You make a fair point about newcomers. So the generalisation Virgo needs is the ability to deploy a set of artefacts together, i.e. they would all be installed before all (except of course fragments) being started. The changes required are as follows: * Extend the admin console UI to allow a set of artifacts to be selected for deployment. * Extend the deployer API to allow a set of artifacts to be deployed. Let's use the term "group" for such a set below. * Introduce a new artifact type of group similar to a non-atomic unscoped plan but anonymous and not resulting in a plan visible at runtime. * Extend the relevant pipeline stages to cope with groups. * Extend the deployer recovery log to cope with recovering a group. In particular, a crash after logging some but not all of a group must result in none of the group being recovered, so there will need to be a begin/end bracket in the log. * Cope with the situation where some of the artifacts in the group are plans which refer to other artifacts in the group. This would either be a restriction or, preferably, we would need to introduce a "group sorter" pipeline stage or transformation to restructure the group appropriately so that plan contents become children of plans. This would need to be done prior to plan resolution. Of course, all this would need unit and integration tests too. Unfortunately, this is too big an item to slip into 2.1.0, so will have to be deferred to a later release. However, it's an interesting extension which will have real benefit for new users, so we should see when we can prioritise it in.

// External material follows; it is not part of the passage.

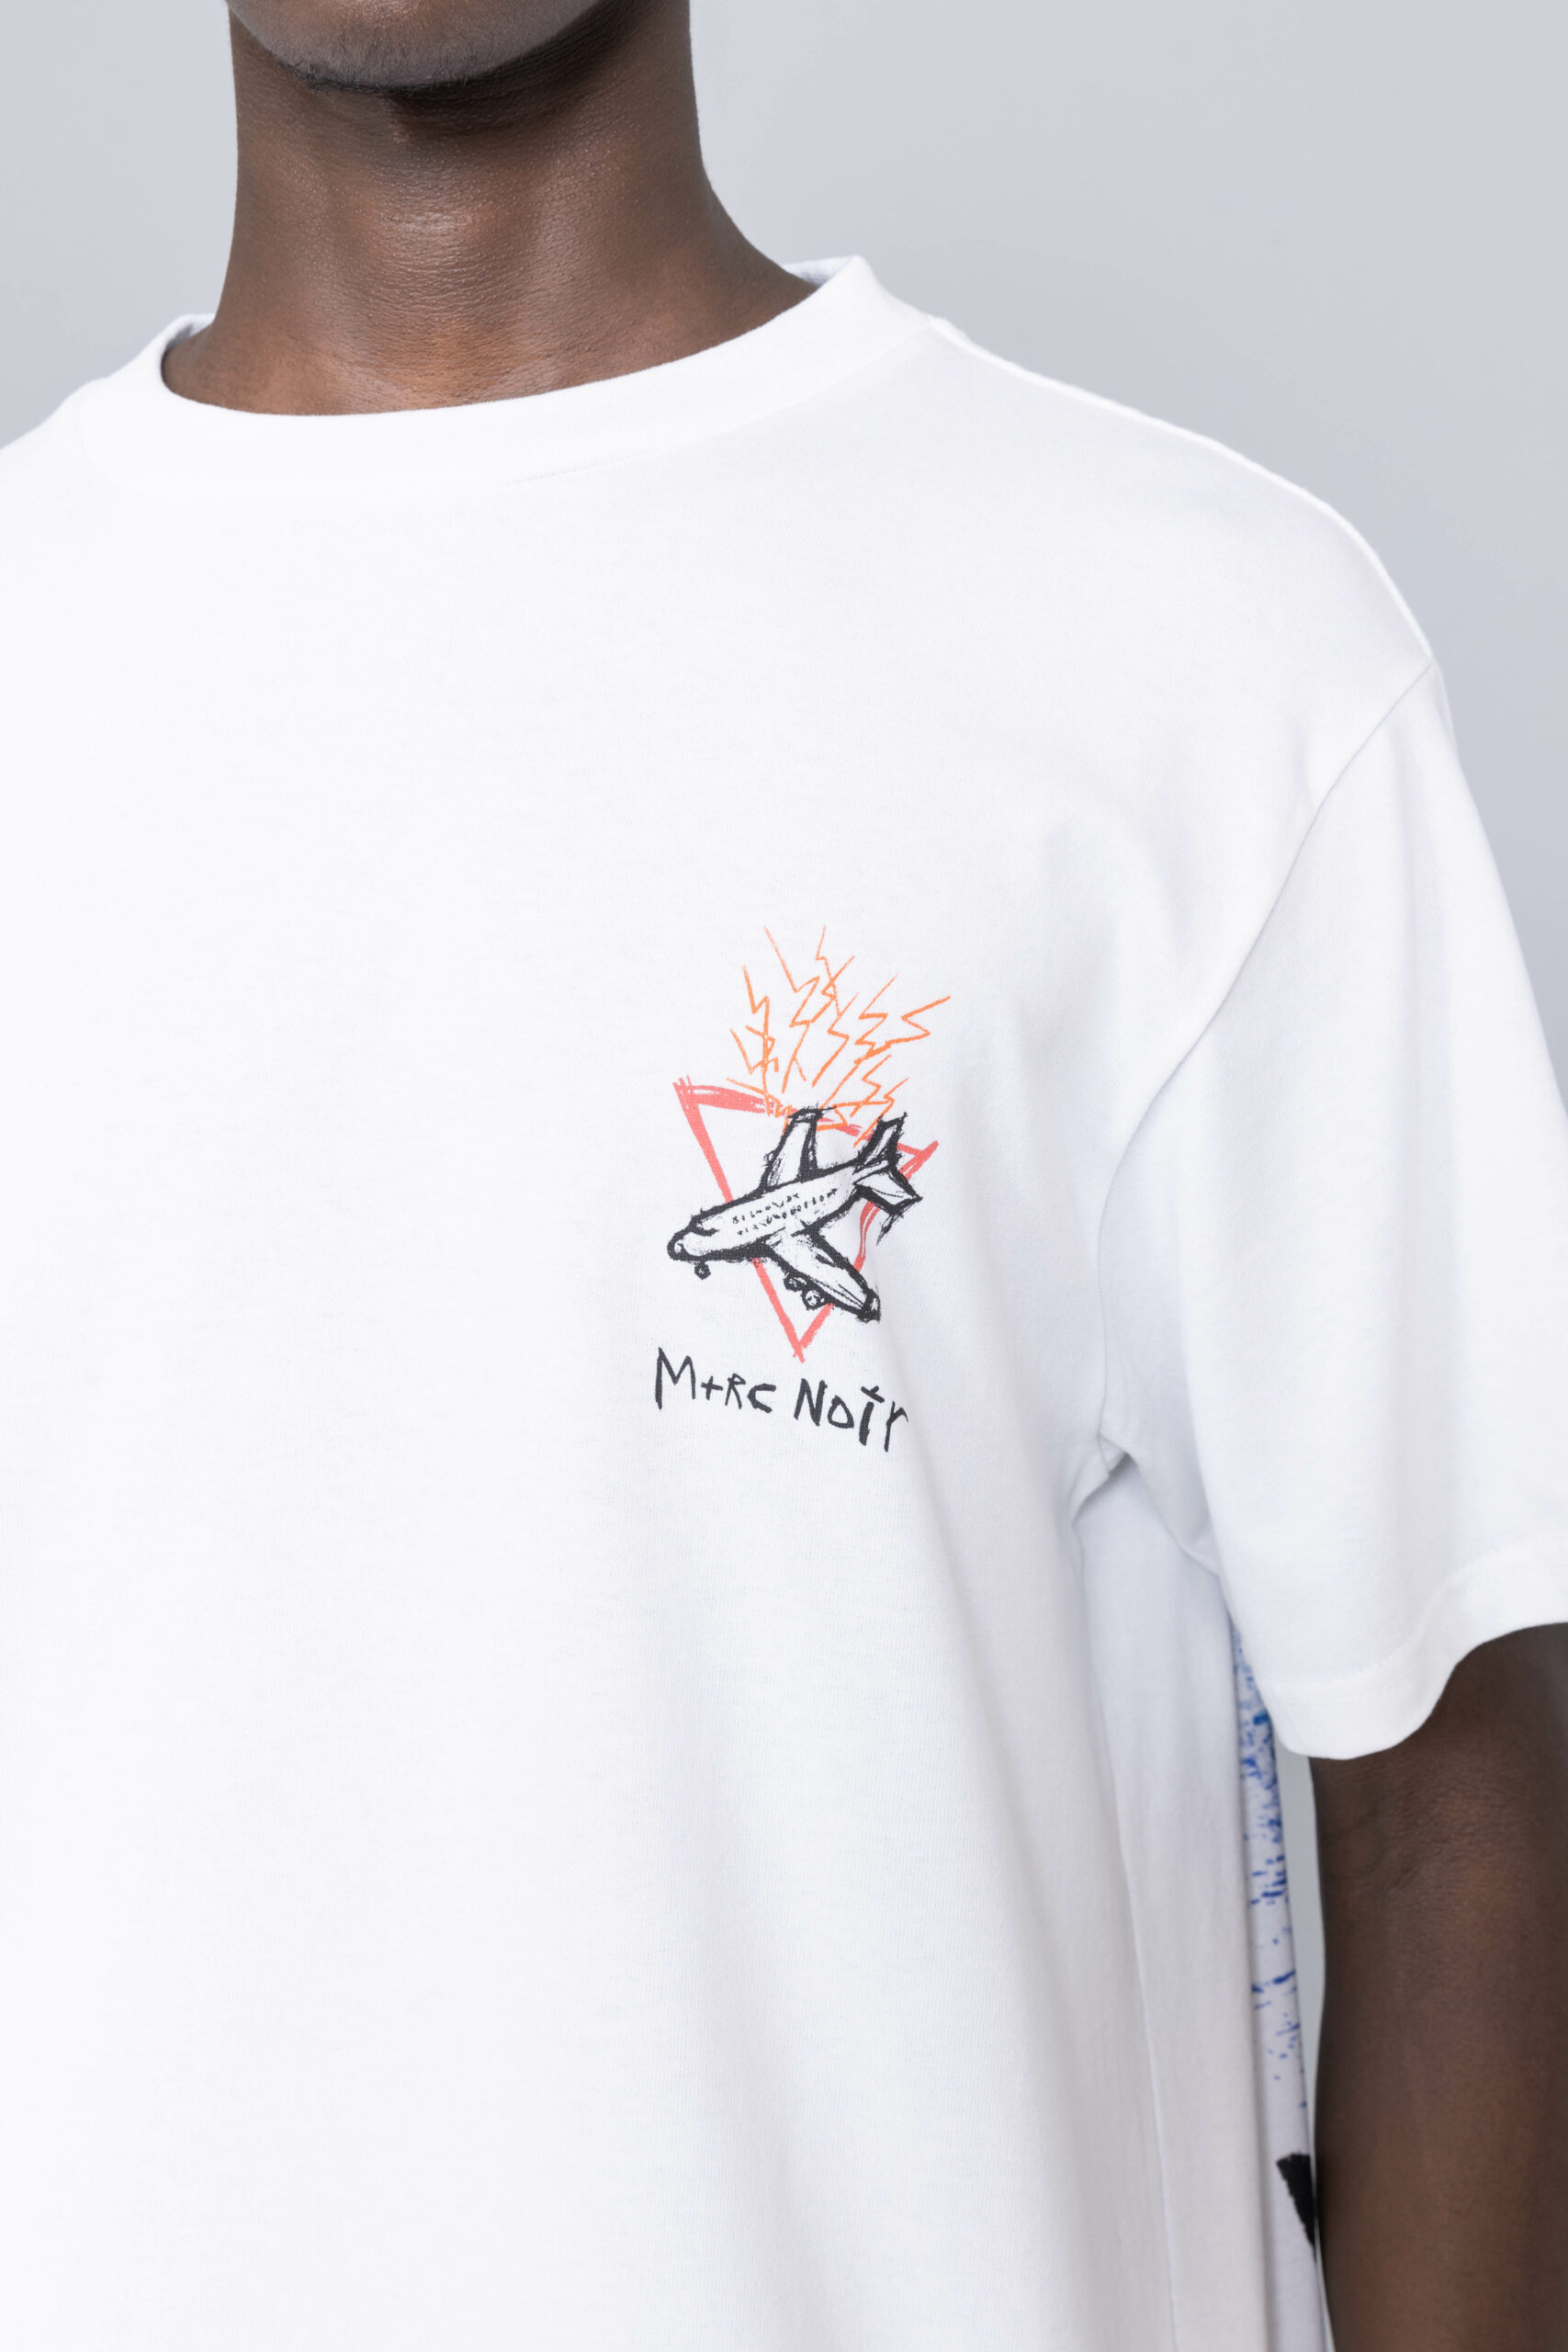 コピーをお Supreme - M+RC NOIR Big Logo T-Shirtの通販 by ひ's shop

We looked at this again in this morning's sprint planning meeting. Rather than introduce a new artefact type of "group" it turned out to be much cleaner and more uniform to generate an unscoped, non-atomic plan for this scenario. My initial reluctance to do this was that we would have to generate a name for the plan and I had hoped we could avoid this for a new artifact type, but this doesn't really fit in with the RuntimeArtifactModel which indexes artefacts by type, name, and version. So we'll need to generate a name for the plan and ensure this doesn't clash with any other plan names in use. So the revised proposal is to reference the selected artifacts in an unscoped, non-atomic plan and then deploy that plan. The main remaining question is how to make the artifacts available when resolving the plan, either initially or during recovery when Virgo is warm started. One approach would be to place the artifacts in a repository and somehow ensure that the repository indexed the artifacts before being queried to find them. But this requires us to crack open artifacts first to find out their names and versions simply in order to store the names and versions in the plan and later to query the repository looking for those exact same names and versions. This is inelegant apart from being a waste of performance. A better approach may be to generalise plans to allow them to refer to artifacts by URI as an alternative to type, name, and version. Then we can stage all the artifacts as usual and create a plan containing the staged URIs.